Everything I Know About: Debt Repayment — Student Loans
Sometimes slow and steady wins the race.
Other times, momentum is key and when it’s time to run with something, you run.
Debt repayment exists on a scale between these two factors and depending on the type, will be closer to one end or the other. For the purposes of our discussion series, we’re going to focus on three: credit card debt, mortgages, and, of course, the notorious student loans.
For the purposes of this post, we’ll be zooming in on student loans.
Some people are afraid of the dark. Others, deep water. But mention student loans, and the entire country quakes in its boots.
As someone who loves the opportunity that education is able to provide, I am a huge proponent for people furthering their studies. However, funding them can get very difficult and, for some, can be preventative.
Knowing your financial plan as it relates to student loans is essential for being able to pay them off as efficiently as possible.
But how to start? There are 2 types of student loans: subsidized and unsubsidized. Both of these types are included in the federal direct loan program. However, if you qualify for them, subsidized loans are generally cheaper over time than unsubsidized.
Why? Though the interest levels may be comparable, interest on subsidized loans will not accrue while you’re still in school.
Even still, borrow federal loans, subsidized and unsubsidized, before private ones. Private loans are of ten associated with high interest rates and federal loans generally offer the borrower more repayment plans and forgiveness options.a Use private loans to fill any remaining gap you may have, only.
Once you have your three types of loans sorted out, it’s time to start paying them off. Personally, I am an advocate for the debt avalanche method of paying the highest interest rate first as, mathematically, it will save you the most money. If you have a $10000 loan at 7%, and a $3000 loan at 4%, pay the $10000 loan first, until it’s gone.

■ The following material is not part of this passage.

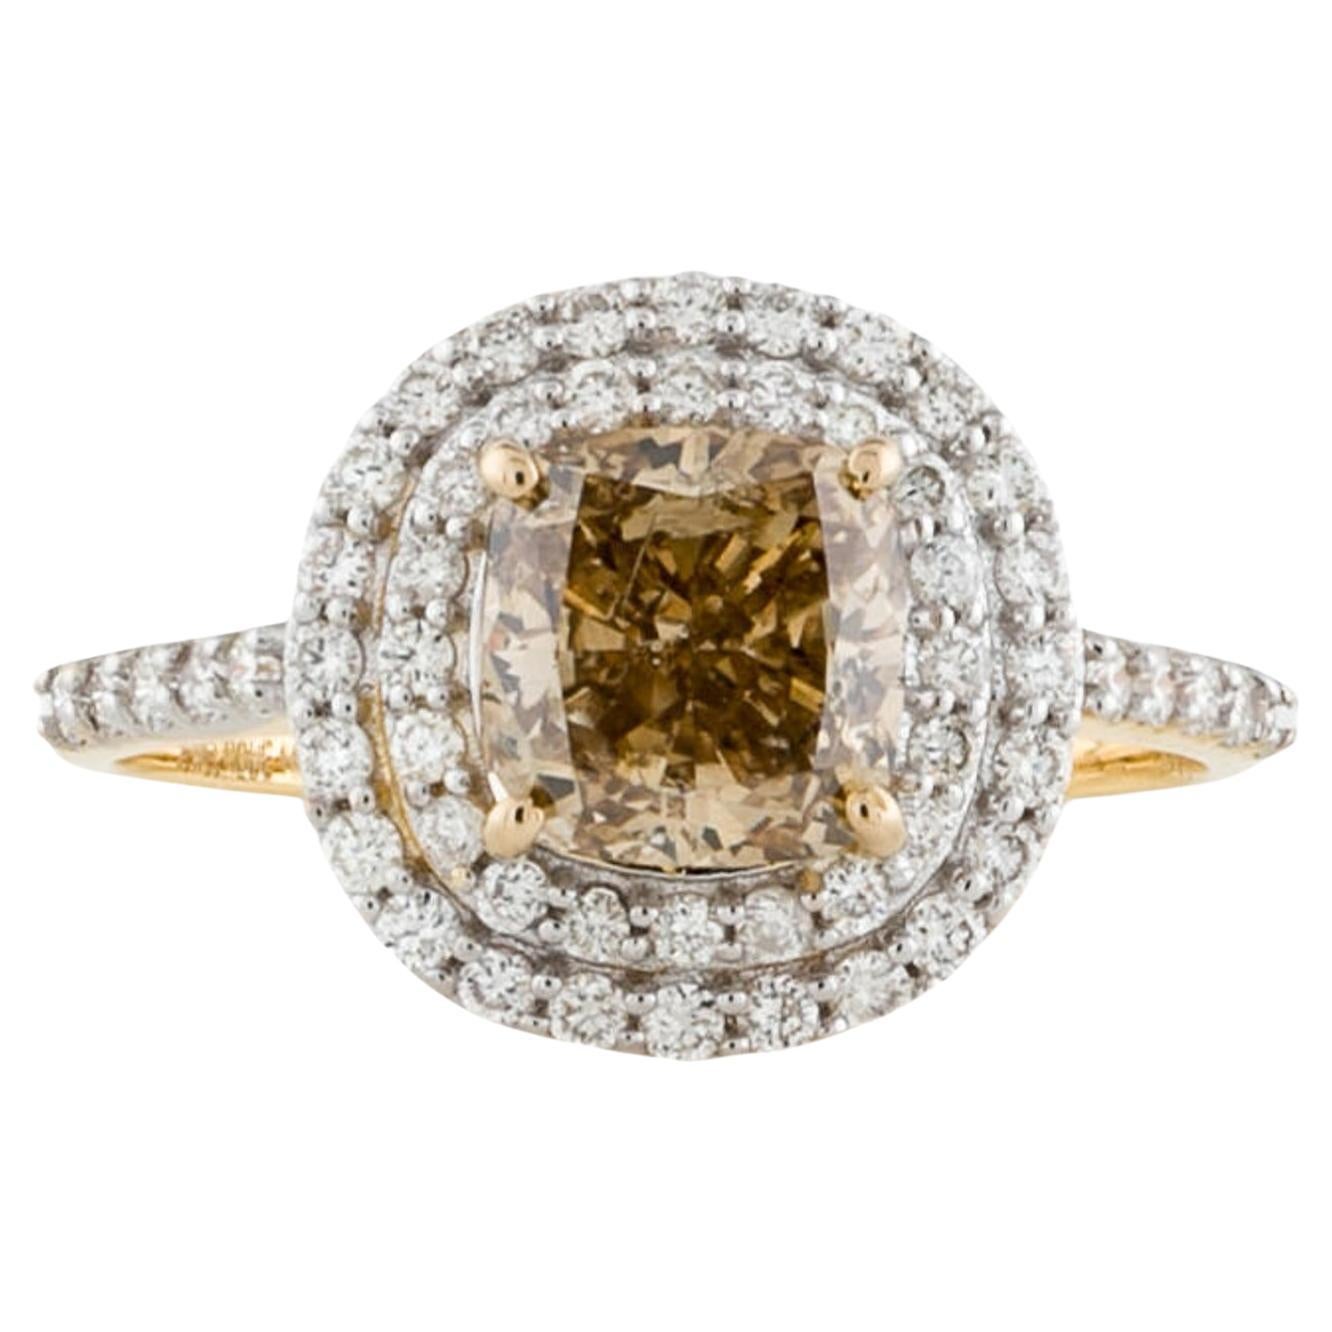 Elegant 2.15ct Diamond Engagement Ring, Size 7.25 - Statement Jewelry Piece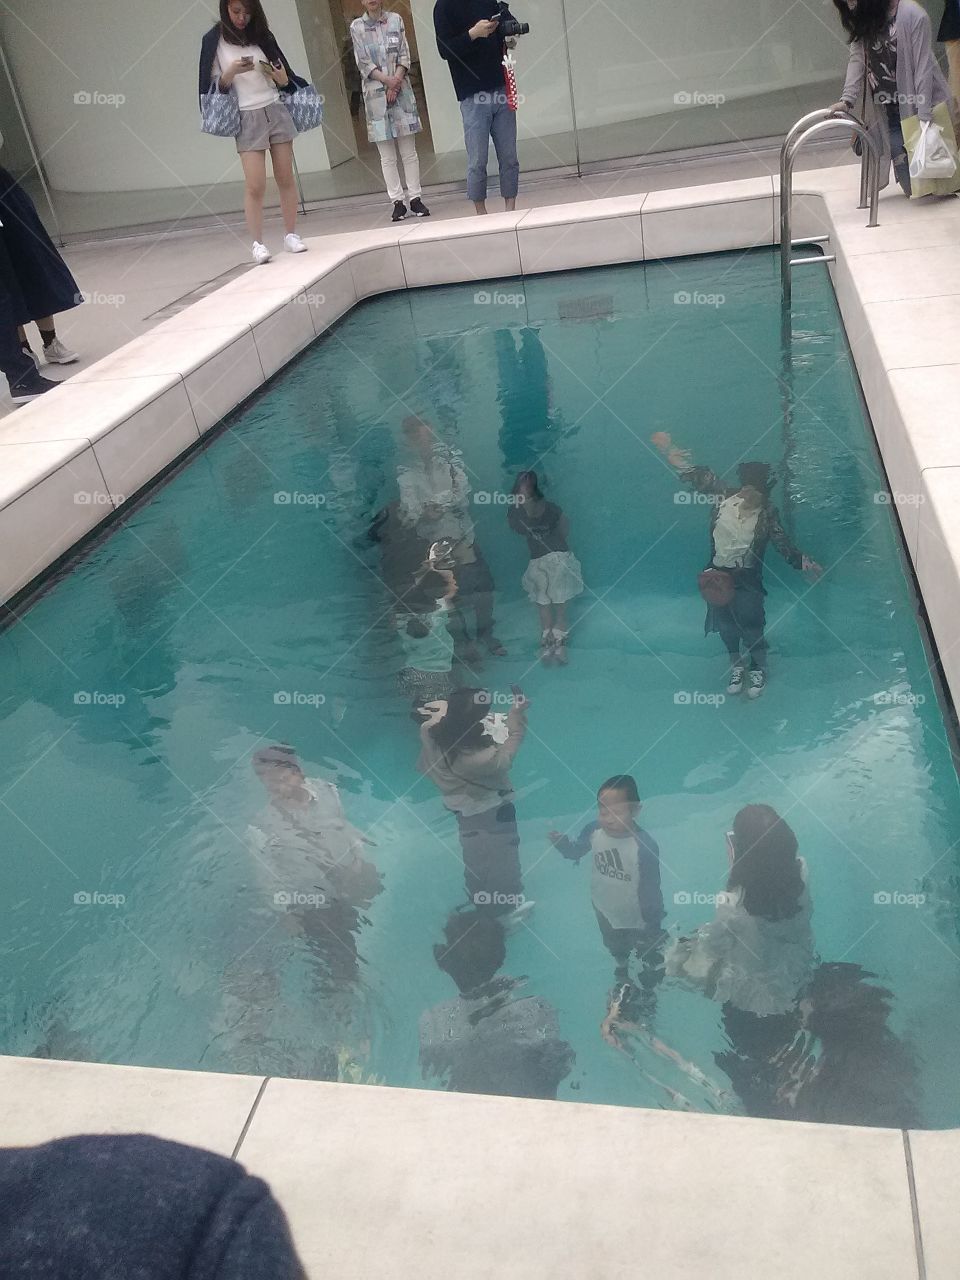 Illusion of being in a swimming pool at the Kanazawa Contemporary Art Museum - Kanazawa, Japan

From there, pay off loans in this order:
- Private, high interest loans
- Loans with variable interest rates
- Unsubsidized, high interest loans
- Subsidized, high interest loans
- Unsubsidized, low interest loans
- Subsidized, low interest loans
If you can, any extra payments you can pay right away or early will save you a significant amount of money by decreasing the principal amount upon which interest is accruing.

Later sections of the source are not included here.